First off, two variants on initial_split() and initial_validation_split(), initial_time_split() and initial_validation_time_split(), will assign the first rows of your data to the training set (with the number of rows assigned determined by prop):

initial_time_split(Chicago)
#> <Training/Testing/Total>
#> <4273/1425/5698>

initial_validation_time_split(Chicago)
#> <Training/Validation/Testing/Total>
#> <3418/1140/1140/5698>

There are also several functions in rsample to help you construct multiple analysis and assessment sets from time-based data. For instance, the sliding_window() will create “windows” of your data, moving down through the rows of the data frame:

sliding_window(Chicago) %>%
  head(2)
#> # A tibble: 2 × 2
#>   splits        id       
#>   <list>        <chr>    
#> 1 <split [1/1]> Slice0001
#> 2 <split [1/1]> Slice0002

If you want to create sliding windows of your data based on a specific variable, you can use the sliding_index() function:

sliding_index(Chicago, date) %>%
  head(2)
#> # A tibble: 2 × 2
#>   splits        id       
#>   <list>        <chr>    
#> 1 <split [1/1]> Slice0001
#> 2 <split [1/1]> Slice0002

And if you want to set the size of windows based on units of time, for instance to have each window contain a year of data, you can use sliding_period():

sliding_period(Chicago, date, "year") %>%
  head(2)
#> # A tibble: 2 × 2
#>   splits            id     
#>   <list>            <chr>  
#> 1 <split [344/365]> Slice01
#> 2 <split [365/365]> Slice02

All of these functions produce analysis sets of the same size, with the start and end of the analysis set “sliding” down your data frame.

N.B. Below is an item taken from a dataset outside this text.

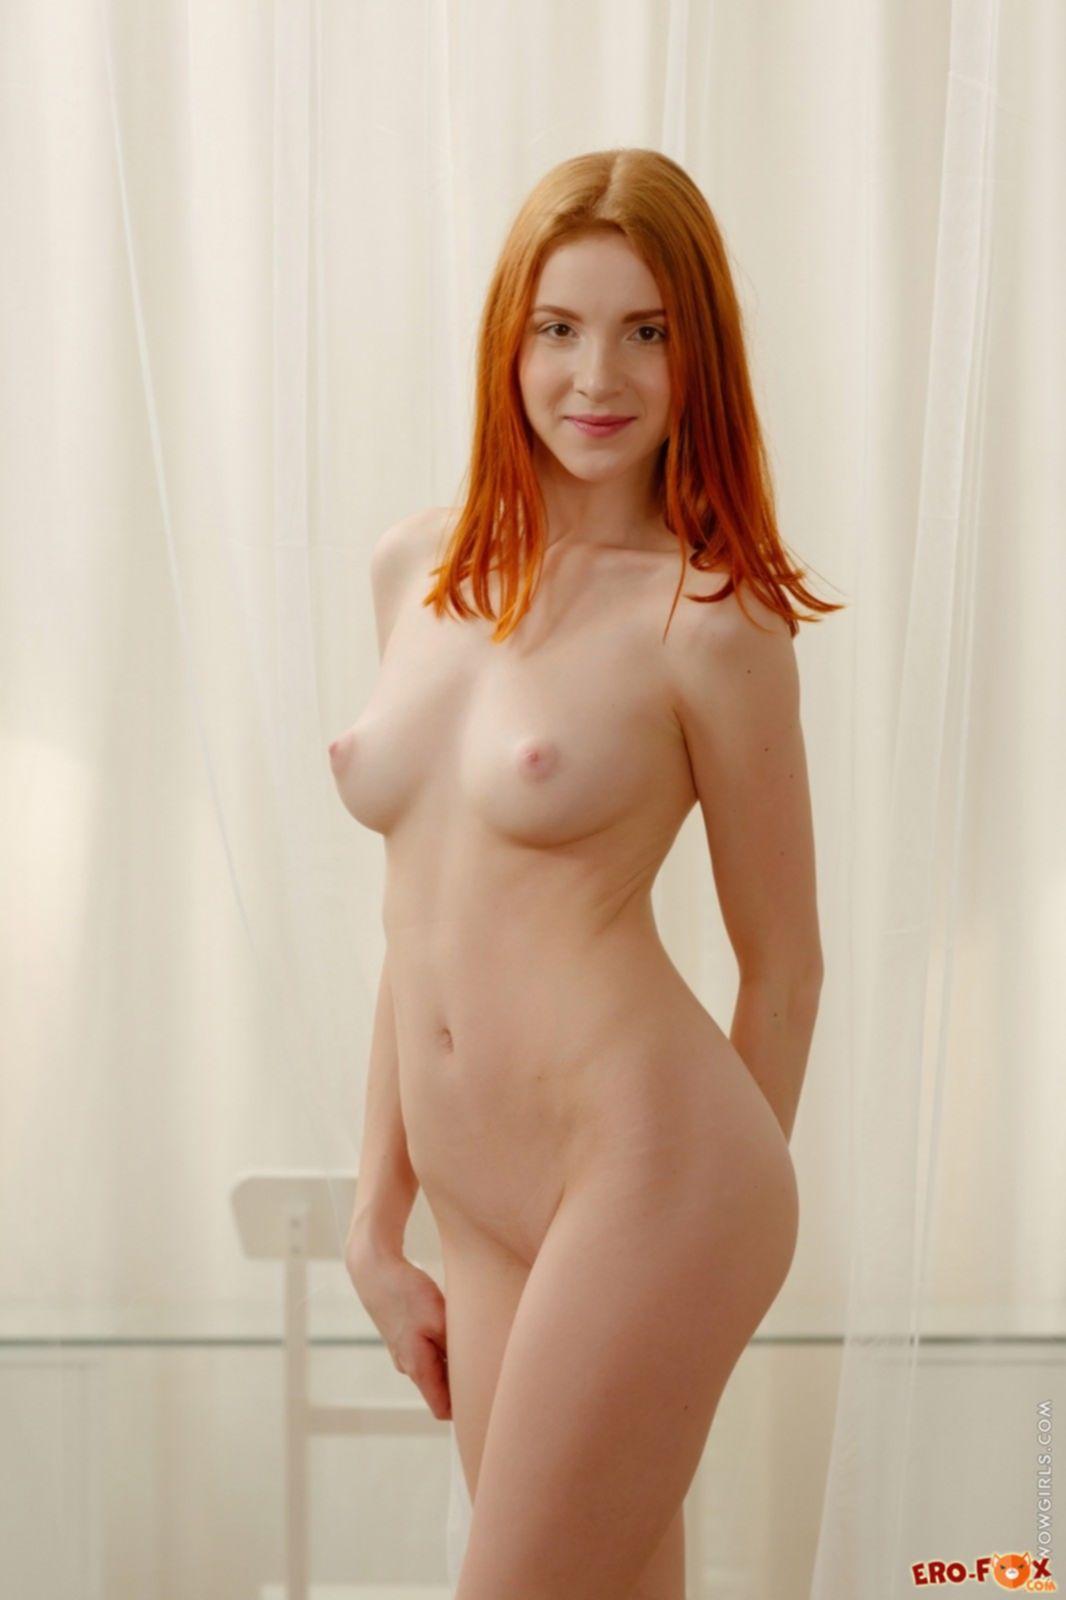 Грудастая рыжая девушка сняла пеньюар - фото

If you’d rather have your analysis set get progressively larger, so that you’re predicting new data based upon a growing set of older observations, you can use the sliding_window() function with lookback = -Inf:

sliding_window(Chicago, lookback = Inf) %>%
  head(2)
#> # A tibble: 2 × 2
#>   splits        id       
#>   <list>        <chr>    
#> 1 <split [1/1]> Slice0001
#> 2 <split [2/1]> Slice0002

This is commonly referred to as “evaluation on a rolling forecasting origin”, or more colloquially, “rolling origin cross-validation”.

Note that all of these time-based resampling functions are deterministic: unlike the rest of the package, running these functions repeatedly under different random seeds will always return the same results.